Although I knew Gaelic to be richly responsive to the sites in which it was spoken, it was my guess that other tongues in these islands also possessed wealths of words for features of place – words that together constituted a vast vanished, or vanishing, language for landscape. It seemed to me then that although we have our compendia of flora, fauna, birds, reptiles and insects, we lack a Terra Britannica, as it were: a gathering of terms for the land and its specificities – terms used by fishermen, farmers, sailors, scientists, crofters, mountaineers, soldiers, shepherds, walkers and unrecorded ordinary others for whom specialised ways of indicating aspects of place have been vital to everyday practice and perception. It seemed, too, that it might be worthwhile assembling some of this fine-grained and fabulously diverse vocabulary, and releasing its poetry back into imaginative circulation.

The same year I first saw the Peat Glossary, a new edition of the Oxford Junior Dictionary was published. A sharp-eyed reader noticed that there had been a culling of words concerning nature. Under pressure, Oxford University Press revealed a list of the entries it no longer felt to be relevant to a modern-day childhood. The deletions included acorn, adder, ash, beech, bluebell, buttercup, catkin, conker, cowslip, cygnet, dandelion, fern, hazel, heather, heron, ivy, kingfisher, lark, mistletoe, nectar, newt, otter, pasture and willow. The words introduced to the new edition included attachment, block-graph, blog, broadband, bullet-point, celebrity, chatroom, committee, cut-and-paste, MP3 player and voice-mail.

When Vineeta Gupta, then head of children’s dictionaries at OUP, was asked why the decision had been taken to delete those ‘nature words’, she explained that the dictionary needed to reflect the consensus experience of modern-day childhood. ‘When you look back at older versions of dictionaries, there were lots of examples of flowers for instance,’ said Gupta; ‘that was because many children lived in semi-rural environments and saw the seasons. Nowadays, the environment has changed.’ There is a realism to her response – but also an alarming acceptance of the idea that children might no longer see the seasons, or that the rural environment might be so unproblematically disposable.

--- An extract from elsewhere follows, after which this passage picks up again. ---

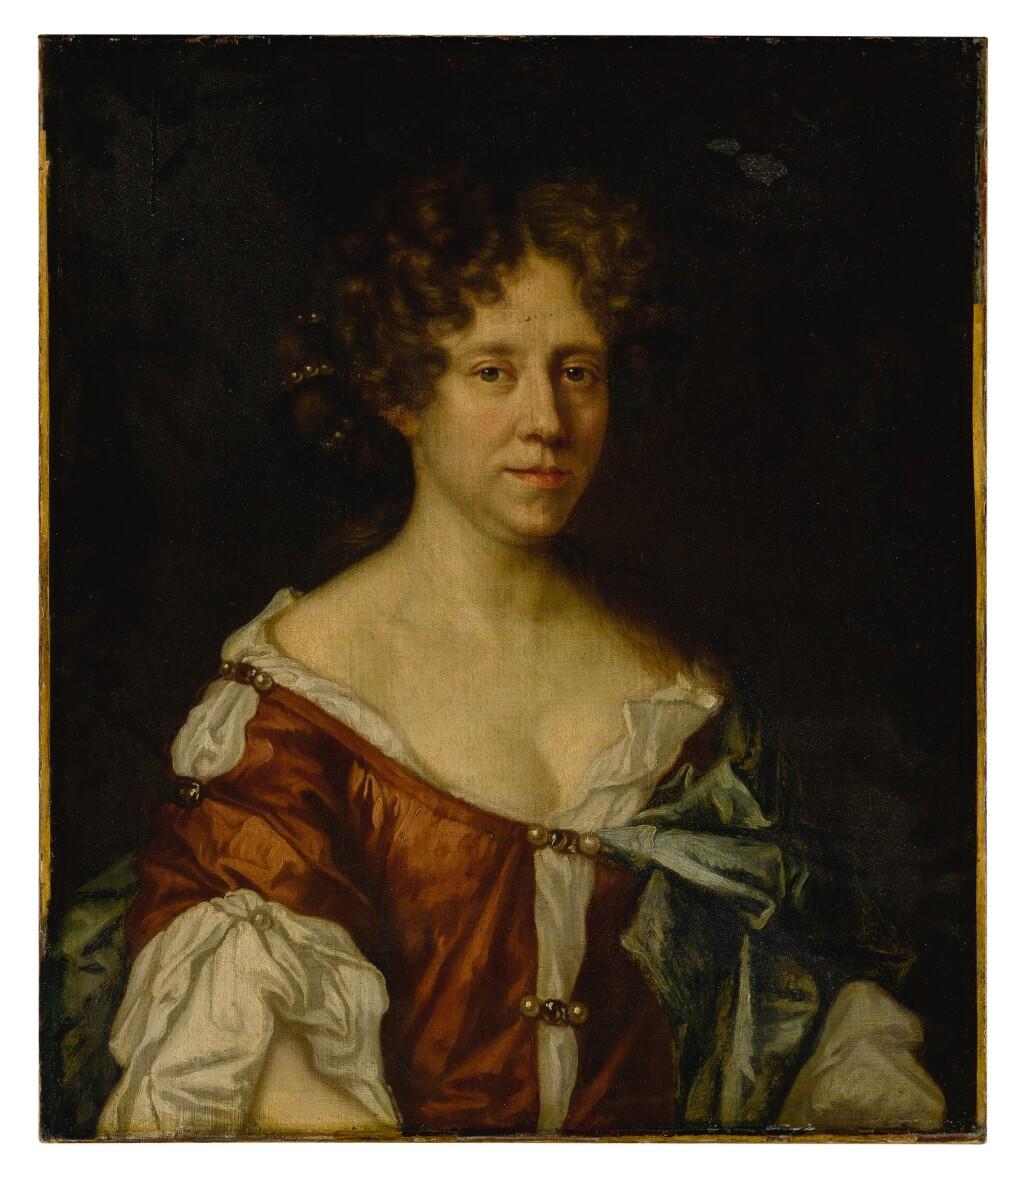 BRITISH SCHOOL, 17TH CENTURY   PORTRAIT OF A LADY, HALF LENGTH

The substitutions made in the dictionary – the outdoor and the natural being displaced by the indoor and the virtual – are a small but significant symptom of the simulated life we increasingly live. Children are now (and valuably) adept ecologists of the technoscape, with numerous terms for file types but few for different trees and creatures. For blackberry, read BlackBerry. A basic literacy of landscape is falling away up and down the ages. A common language – a language of the commons – is getting rarer. And what is lost along with this literacy is something precious: a kind of word magic, the power that certain terms possess to enchant our relations with nature and place. As the writer Henry Porter observed, the OUP deletions removed the ‘euphonious vocabulary of the natural world – words which do not simply label an object or action but in some mysterious and beautiful way become part of it’.